Mais il pourrait faire mieux. L’absence de porte est la première car même si elle facilite la surveillance visuelle et l’enfournement, une option vitrée aurait réduit la déperdition thermique. La taille de la pierre à 30 cm est la seconde limite, elle est suffisante pour une pizza individuelle ou deux personnes, mais pas pour ceux qui veulent des pizzas plus généreuses. Enfin, l’affichage de la température se résume à quatre positions prédéfinies sans indication précise de la température réelle de la pierre. Un affichage numérique ou un thermomètre intégré aurait permis de mieux piloter la cuisson selon la pâte et les garnitures.

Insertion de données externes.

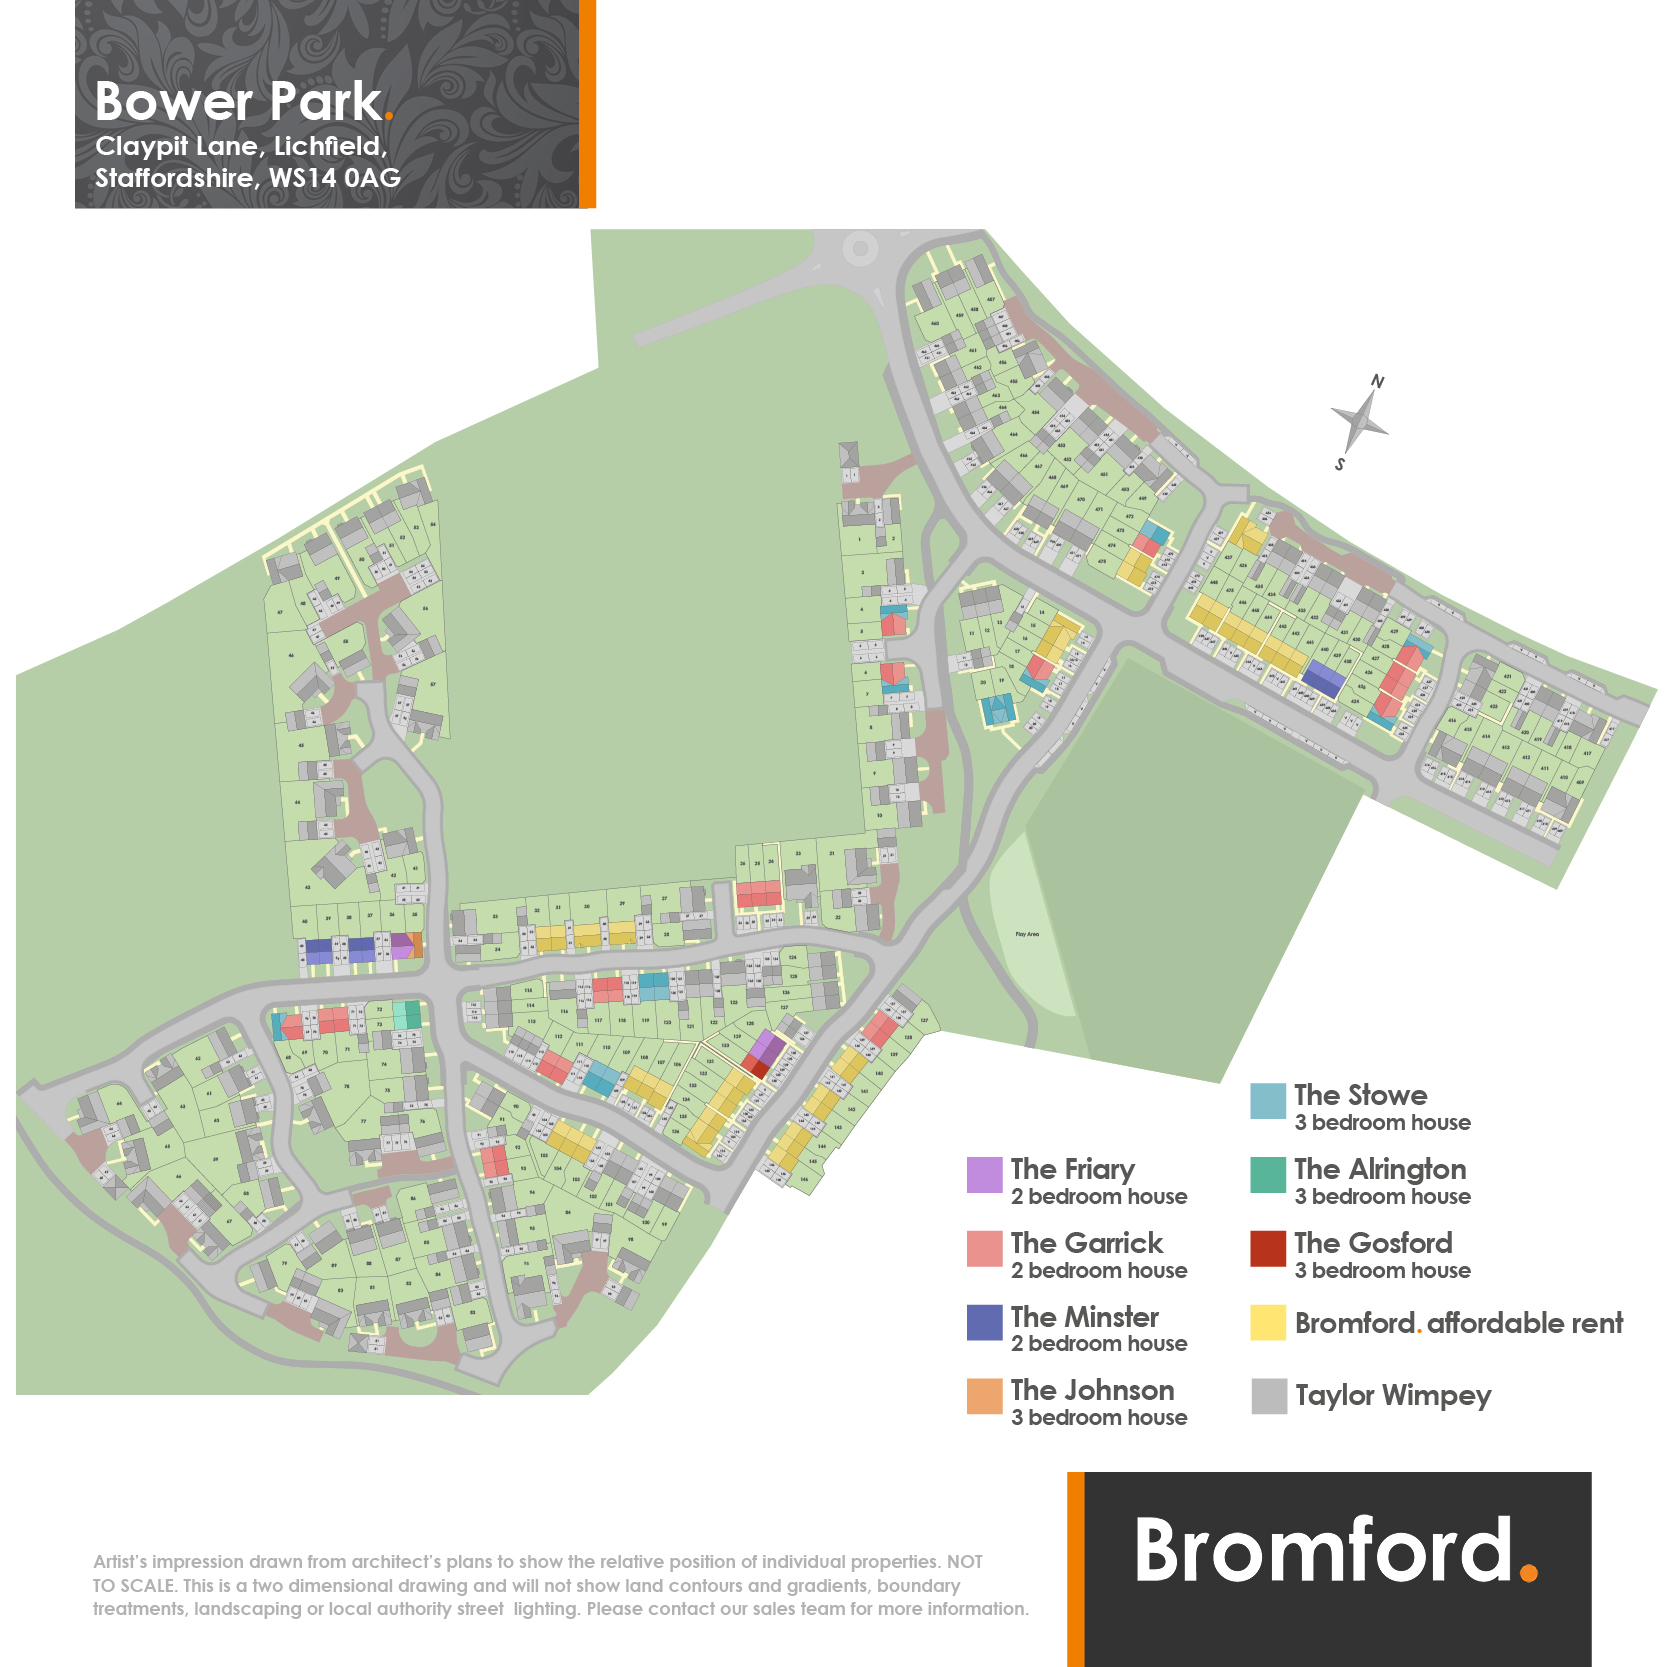 Site plan image of Bower Park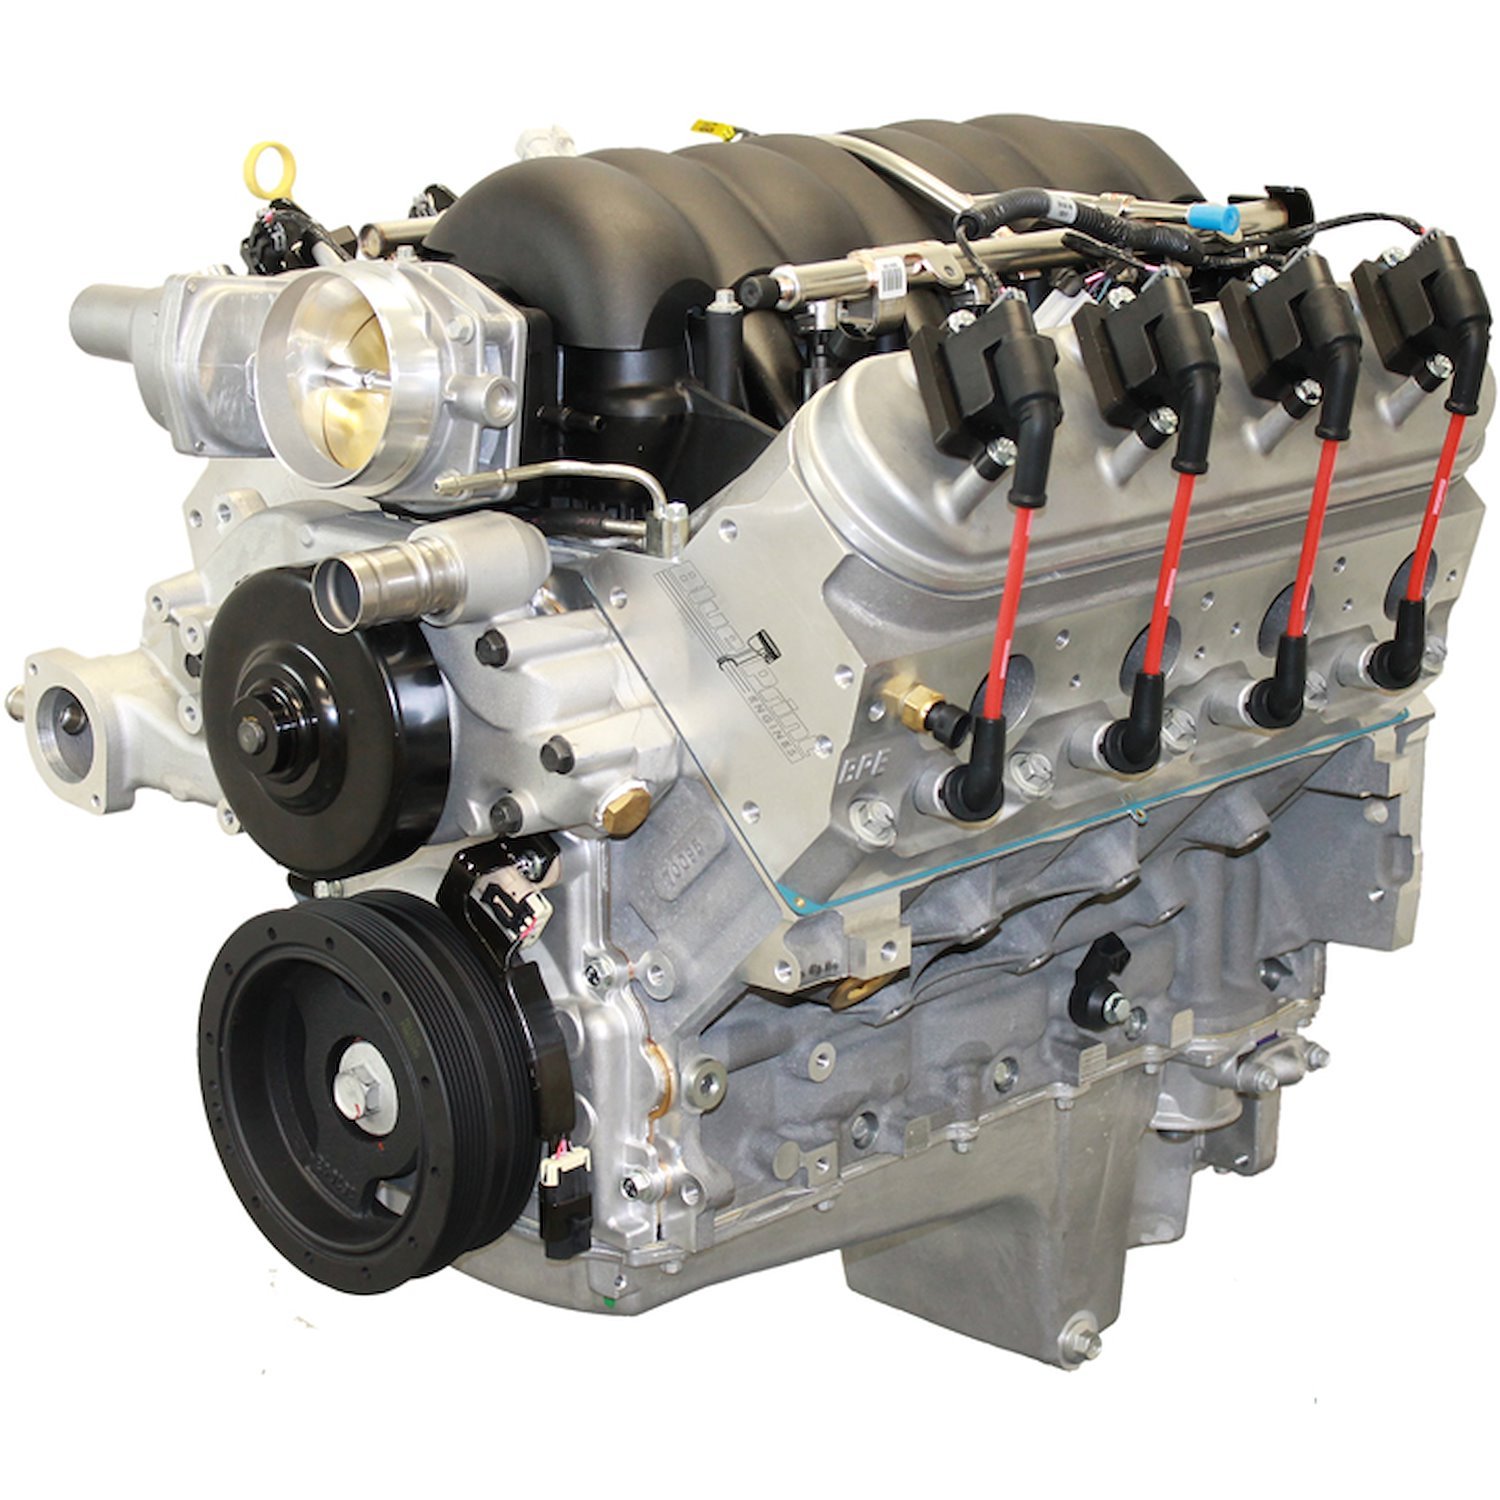 GM LS3 EFI Retrofit Dress Engine 530 HP, 495 FT.-LBS

Pour terminer, on peut aussi signaler que le niveau sonore de la rotation automatique est quasi inexistant, on ne l’entend pas en usage normal. L’entretien extérieur se fait au chiffon humide. Pour la pierre en revanche, la précaution est importante : si on l’humidifie, même légèrement, il faut la laisser sécher plusieurs jours avant de relancer le four, ou la passer 2 heures au four domestique à 60°C pour accélérer le séchage. Une pierre humide chauffée brutalement peut se fissurer. Les résidus secs se grattent simplement avec une spatule. Enfin, si des ingrédients tombent sur la pierre pendant la cuisson, de petites flammes peuvent apparaître. C’est normal, mentionné dans la notice, et elles s’éteignent d’elles-mêmes. Ce n’est pas une raison de panique, mais c’est une raison de bien poser sa pizza sur la pelle et de s’assurer que le fond est suffisamment fariné avant d’enfourner.